## Work item
Skip every image and restate the data word for word.

## Collected material
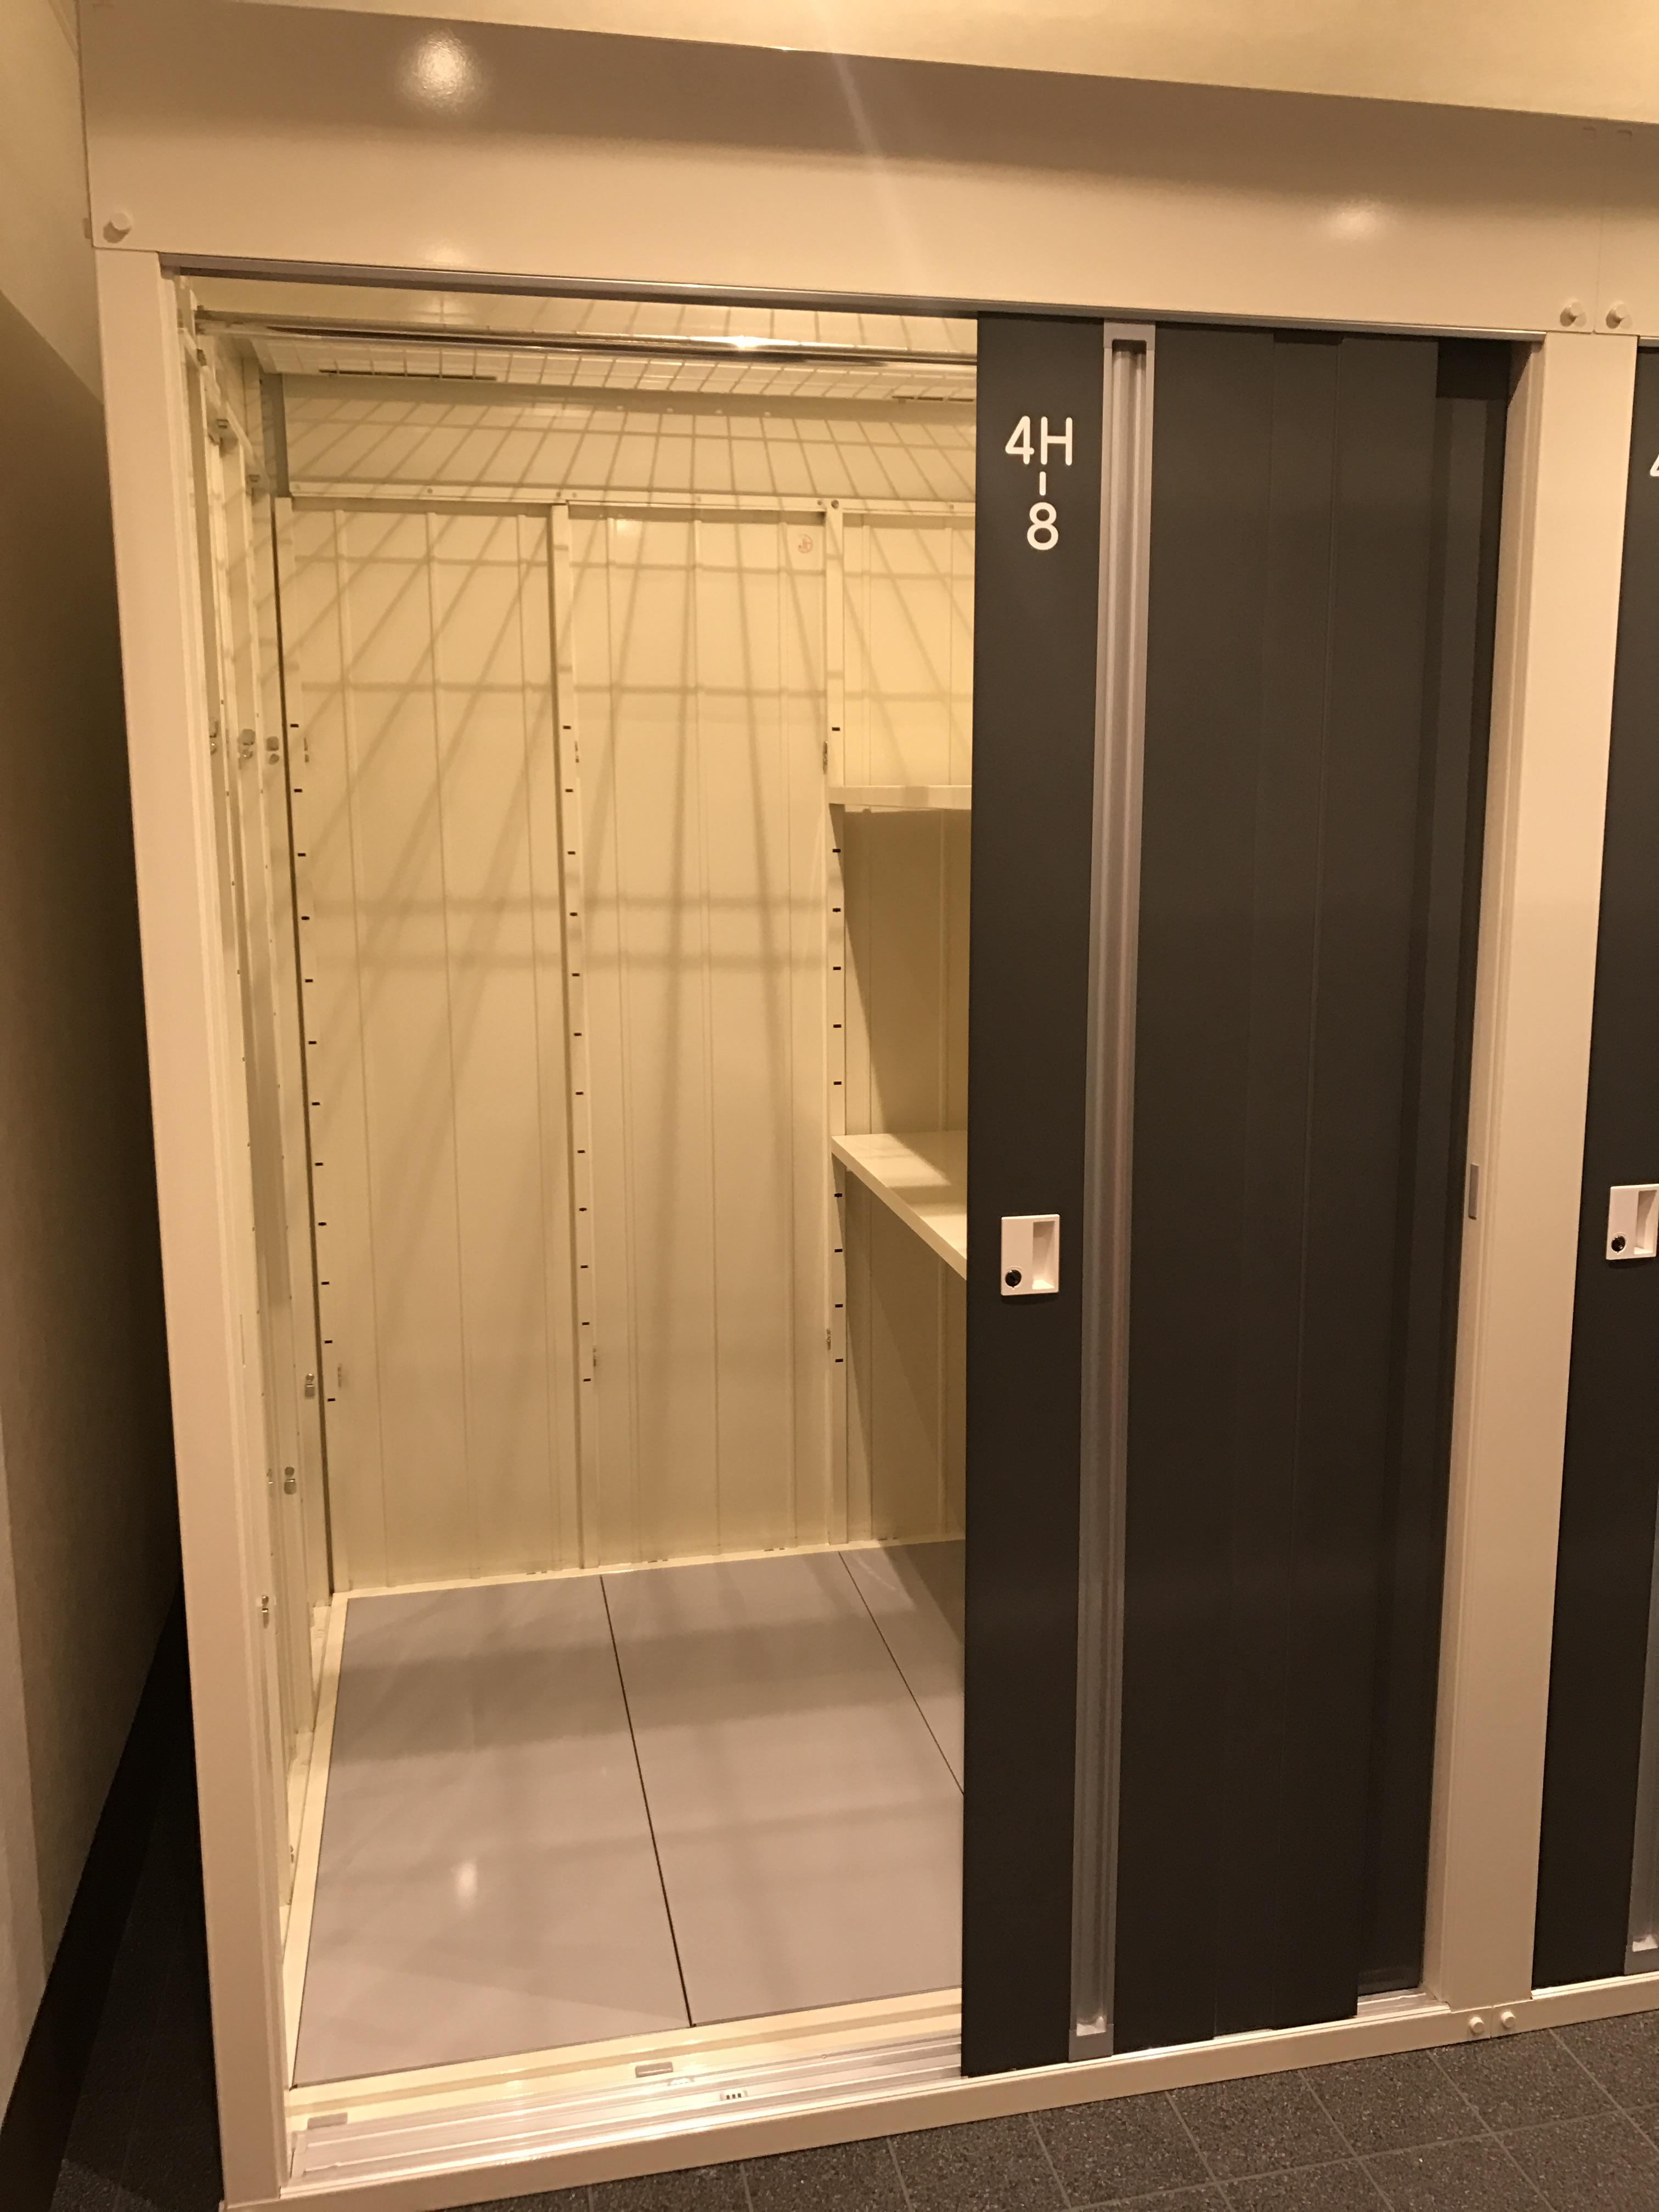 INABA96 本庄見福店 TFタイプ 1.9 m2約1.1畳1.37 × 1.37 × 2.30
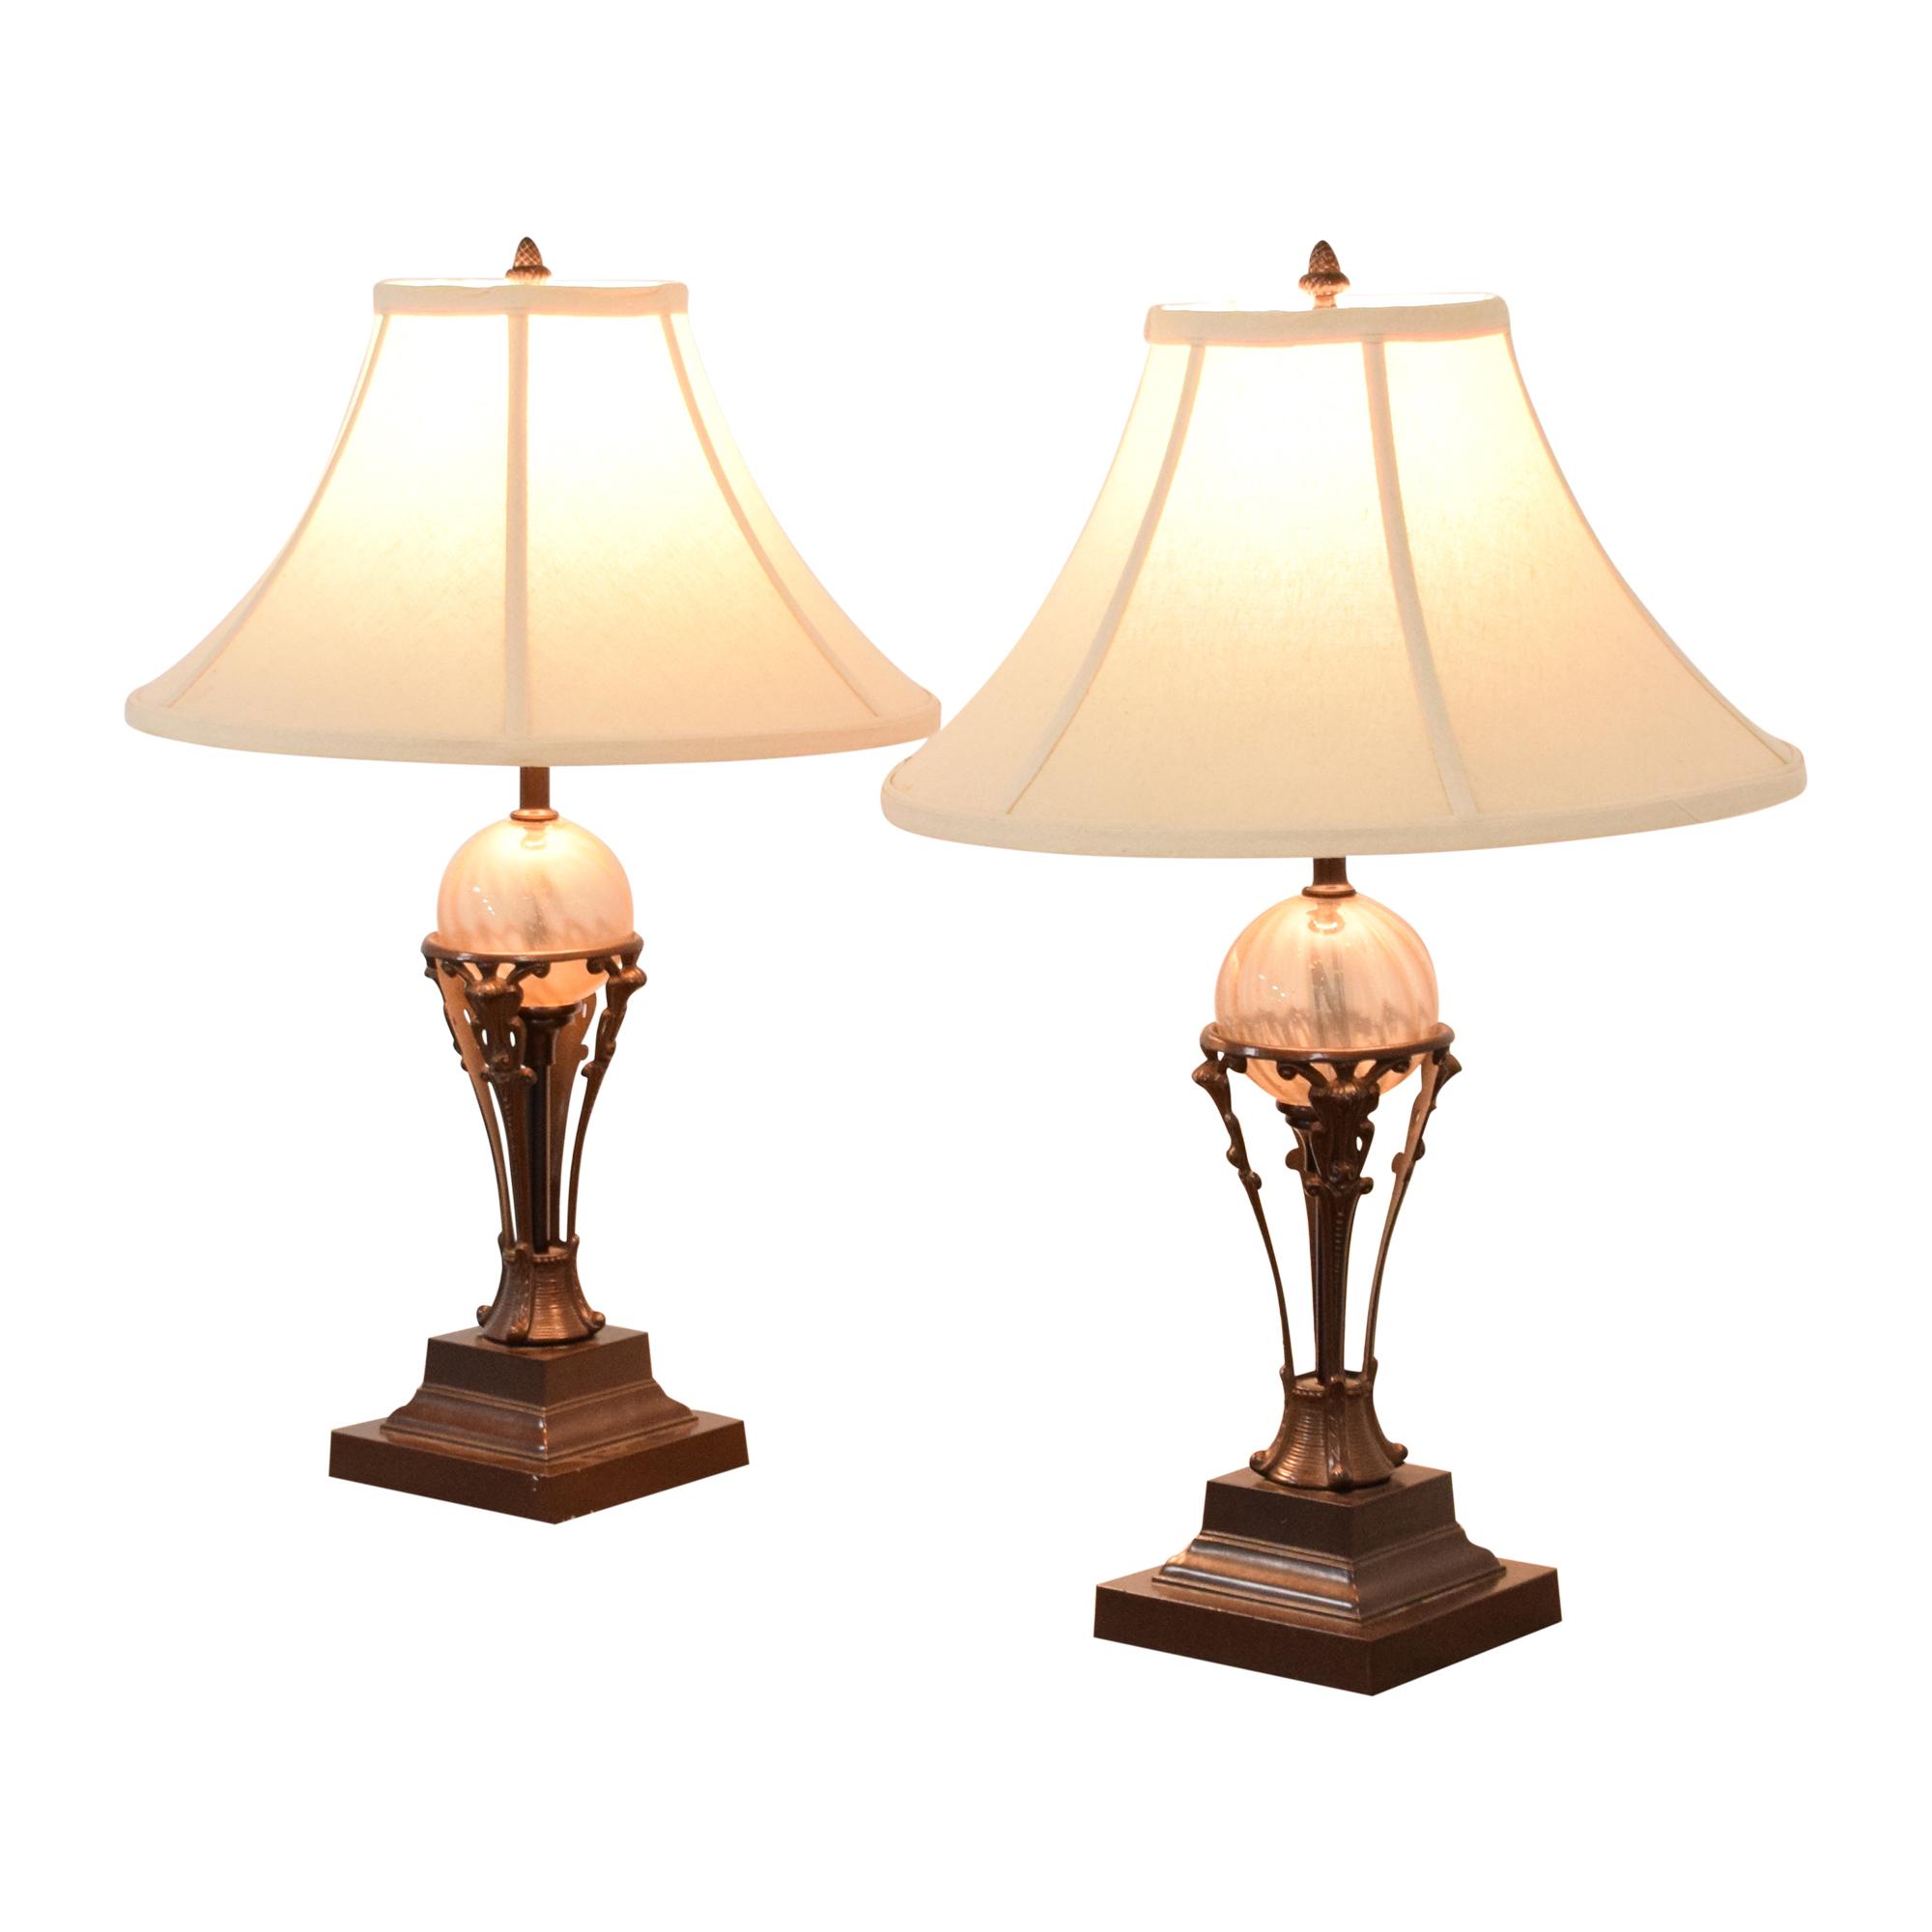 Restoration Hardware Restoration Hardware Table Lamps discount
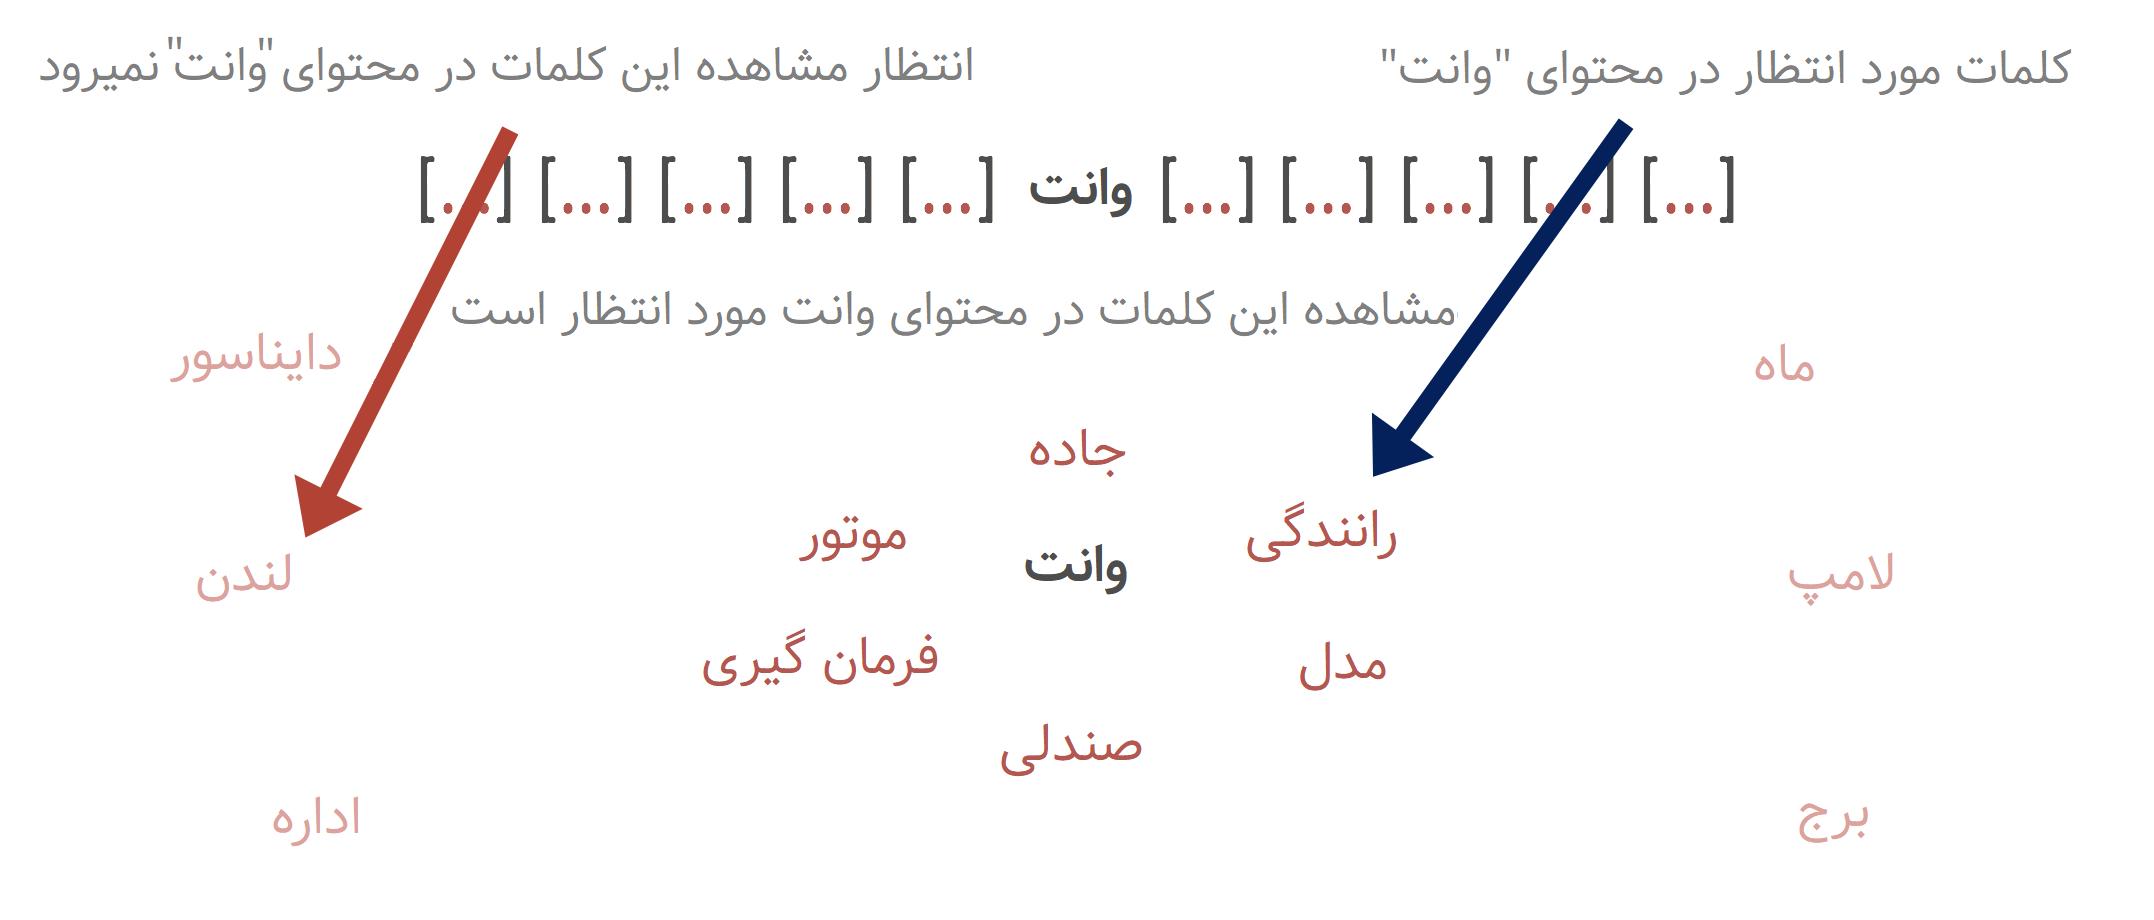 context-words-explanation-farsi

## Solution for this task
 INABA96 本庄見福店 TFタイプ 1.9 m2約1.1畳1.37 × 1.37 × 2.30
 Restoration Hardware Restoration Hardware Table Lamps discount
 context-words-explanation-farsi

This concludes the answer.